For those of you absolutely new to the process, a query letter is a 1-page (single-spaced) polite, formal inquiry sent out to an agent or editor in the hope of exciting professional interest.

It is not, contrary to popular practice, an occasion for either begging or boasting; you will want to come across as a friendly professional who has done her homework. (Or his, as the case may be.) A good query introduces the book and the author to a prospective agent in precisely the terms the industry would use to describe them.

This should sound familiar to those of you who have stuck with me all the way through Book Marketing 101: this was the purpose of the Magic First Hundred Words, wasn’t it?
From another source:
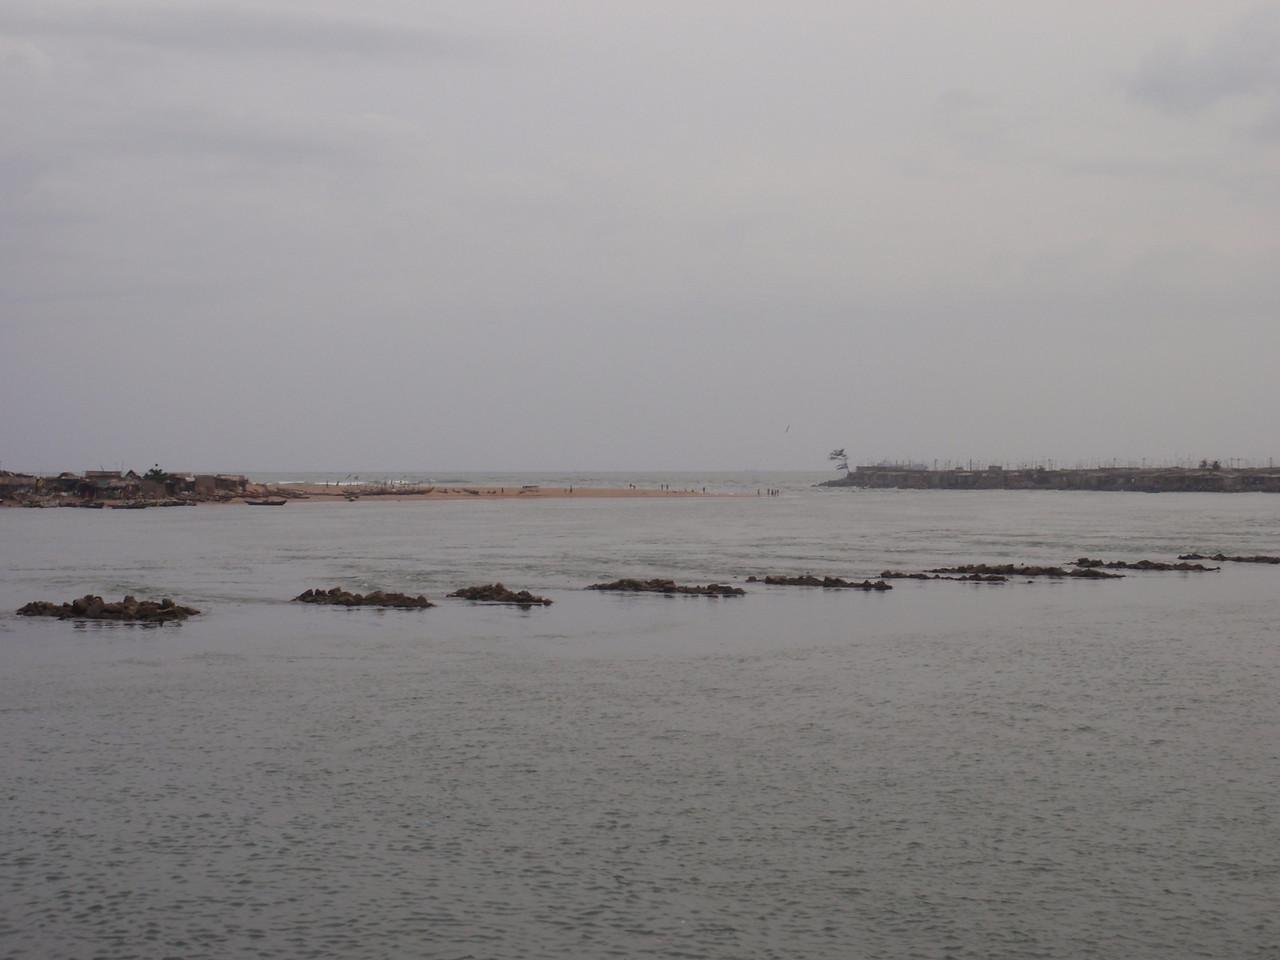 137_Cotonou  The Cotonou Lagoon Meets the Gulf of Guinea

And, like the hallway pitch, your goal here is not to make the agent fall down on the floor, foaming at the mouth and crying, “I will die if I do not sign this author immediately!” but to prompt a request to submit pages.

That’s a much less formidable goal, isn’t it?
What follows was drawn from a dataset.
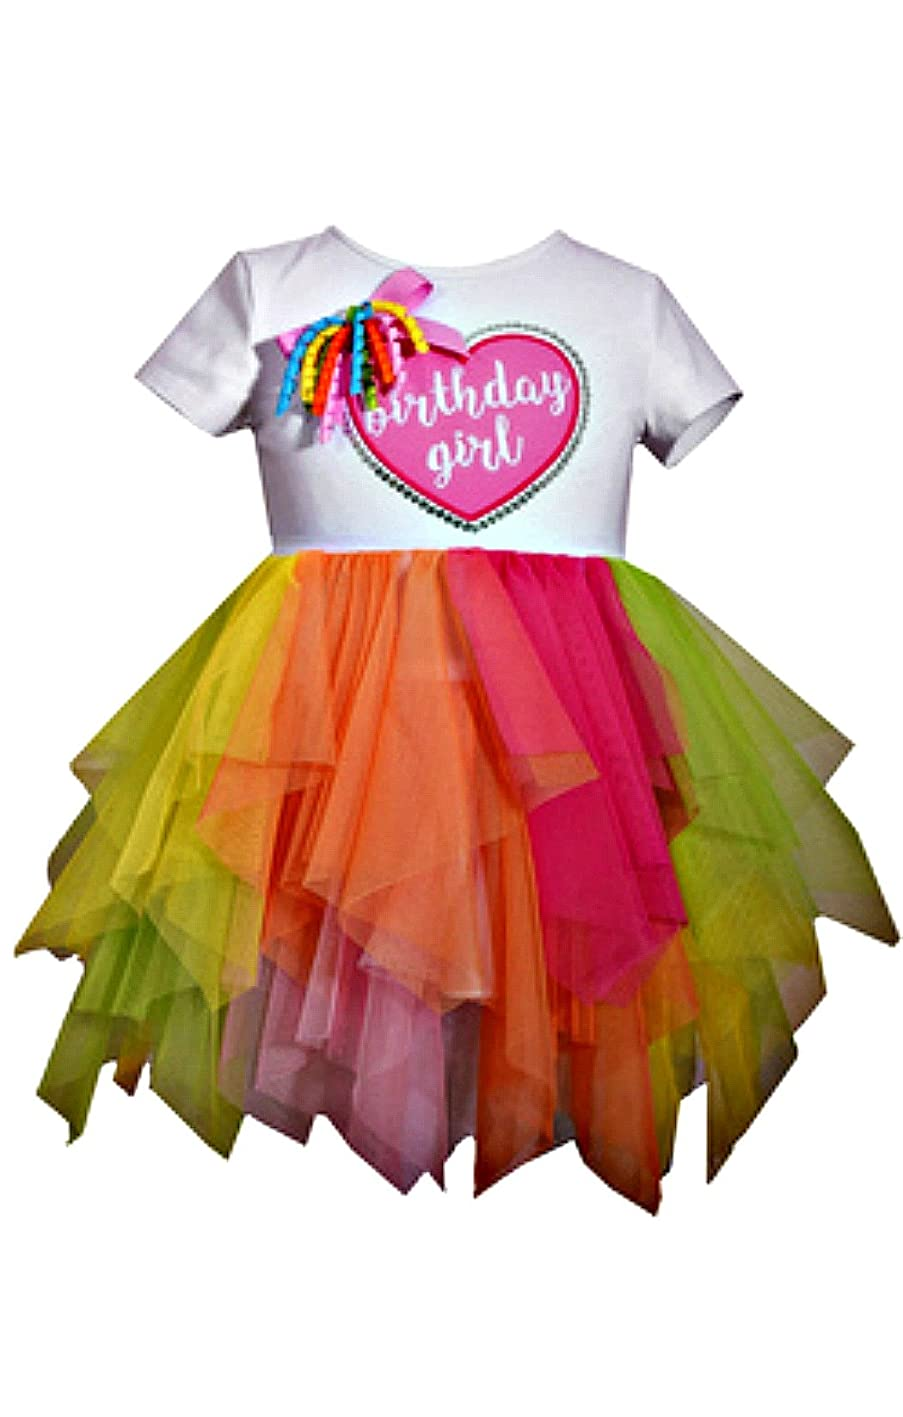 Bonnie Baby First Birthday Girl's Heart Tutu Dress,1st Girls Birthday jvmfqcdeqtz805

How does one pull that off? By being businesslike without using business format (long-time readers, chant it with me now: documents without indented paragraphs appear illiterate to folks in the publishing industry).

There are a zillion guides out there, each giving ostensibly foolproof guidelines for how to construct a positively stellar query letter, but in my experience, simple works better than gimmicky. (Possibly because the former is rarer.) Typically, a query letter consists of five basic elements:

1. The opening paragraph, which includes the following information:

* A brief statement about why the writer is approaching this particular agent (Hint: be specific. “I enjoyed hearing you speak at Conference X,” “Since you so ably represent Author Q,” and “Since you are interested in (book category), I hope you will be intrigued by my book” all work better than not mentioning how you picked the agent in the first place.)

*The book’s title

*The book’s category (i.e., where your book would sit in Barnes & Noble. Most queries leave this off, but it’s essential. If you don’t know what this is, or are not sure where your book will fall, please see the BOOK CATEGORIES section at right).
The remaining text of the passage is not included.